AMH vs. AFC as Predictive for Pregnancy Rate after ICSI View PDF

In assisted reproduction programs, a number of parameters known as ovarian reserve markers, such as serum follicle stimulating hormone (FSH) concentration, antral follicle count (AFC) and serum Anti-Müllerian Hormone (AMH) concentration, are widely used to predict ovarian responses to gonadotropin stimulation during invitro fertilization (IVF) treatment. These markers may help to decide on the initial dose and regimen of stimulation [1,2]. Among the commonly used ovarian reserve markers, AFC and AMH provide the best performance in predicting both poor and excessive ovarian response [3-5]. However, most reports consistently showed a poor predictive value of these markers on pregnancy rate in the fresh IVF cycle [4,6]. AMH, also known as Mullerian-inhibiting substance, is a dimeric glycoprotein that belongs to the transforming growth factor-beta family. It is involved in the regression of the Mullerian ducts during development of the male foetus [7]. In the adult female, AMH is exclusively produced by granulosa cells of preantral and small antral follicles, and has been shown to correlate excellently with the primordial follicle pool [8]. Hence it would serve as an ovarian reserve marker. Since AMH performs equally well, if not better, than AFC in predicting ovarian response and that it is both operator and menstrual cycle-independent, there has been a growing trend to adopt AMH assay as the first-line ovarian reserve test [2,9]. In modern-day assisted reproduction programmes, embryo cryopreservation has become an integral component. It allows the storage and subsequent usage of surplus good quality embryos in frozen-thawed embryo transfer (FET) cycles. Hence, to evaluate the outcome of an IVF cycle, it would be more logical to consider the cumulative live birth rate from the fresh and all FET cycles combined, instead of merely looking at the single fresh cycle outcome. There have been limited data on the role of these ovarian reserve markers in predicting cumulative pregnancy or live birth rates in IVF programmes. A study looked at the use of AMH on Day 6 of ovarian stimulation in predicting cumulative ongoing pregnancy outcome [10]. Yet AMH levels can be altered after commencement of ovarian stimulation [11-13].

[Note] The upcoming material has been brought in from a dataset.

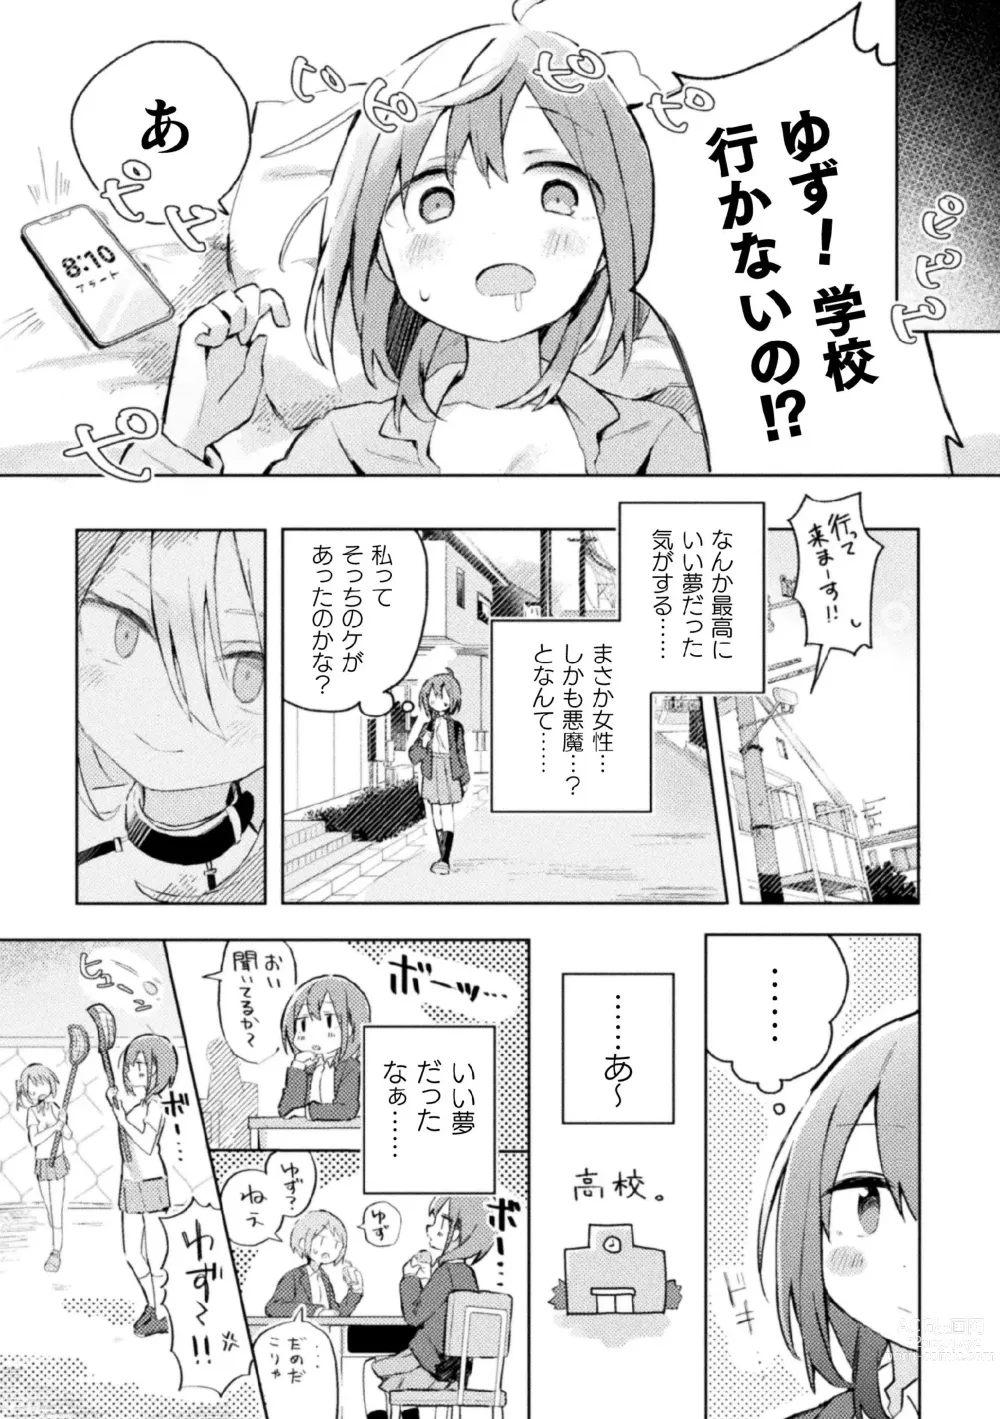 Page 6 of manga 2D Comic Magazine Succubus Yuri H Vol. 2
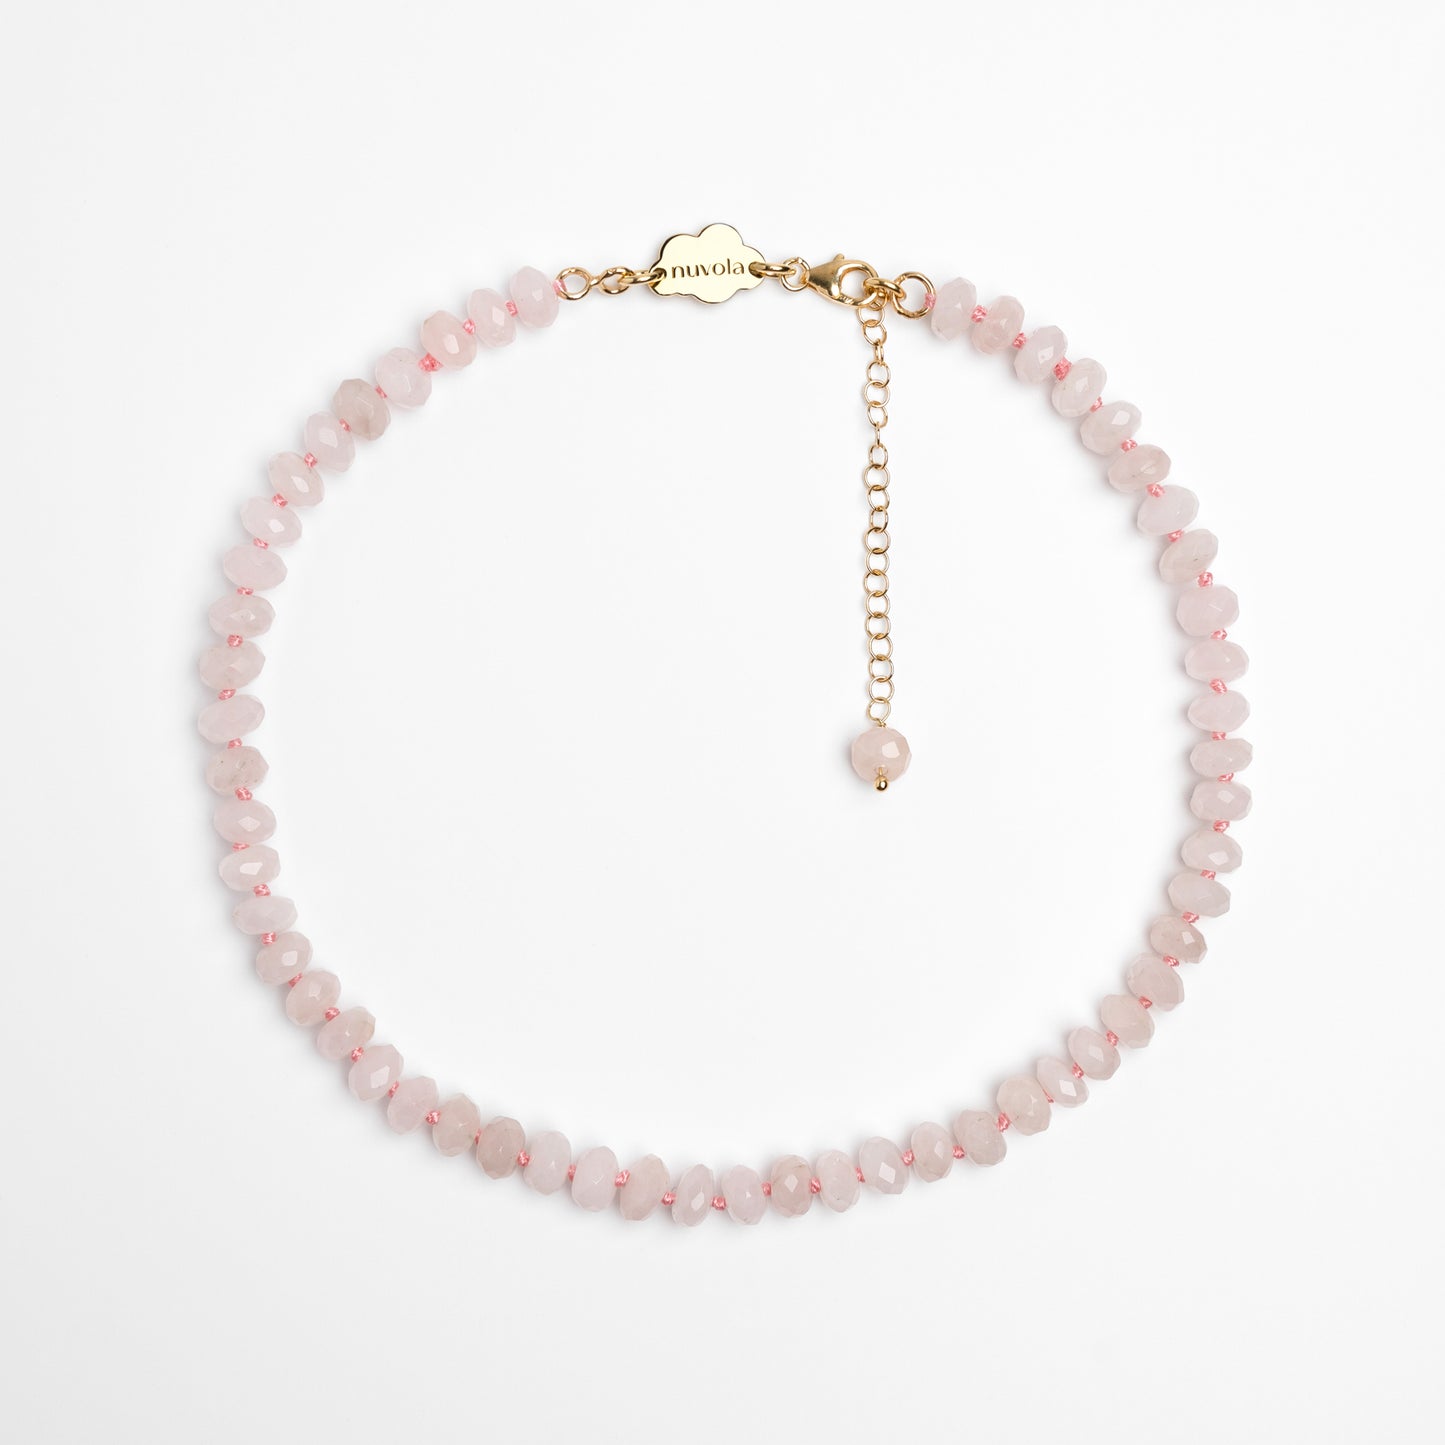 Rose quartz rondelle necklace

The aim of this work is to compare the predictive value of Anti-Müllerian Hormone (AMH) and antral follicle count on fertilization rate (FR), implantation rate, blastocyst development, embryo quality, chemical pregnancy, clinical pregnancy and ongoing pregnancy after ICSI.

This quasi-experimental study was conducted in the Department of Obstetrics and Gynecology, El-Minia Infertlity center Faculty of Medicine, El-Minia University and two private centers during the period from June 2016 to June 2018 after being approved by the department ethical Committee. The study population included 56 subjects aged between 25 and 42 years, enrolled for intra cytoplasmic sperm injection (ICSI) program.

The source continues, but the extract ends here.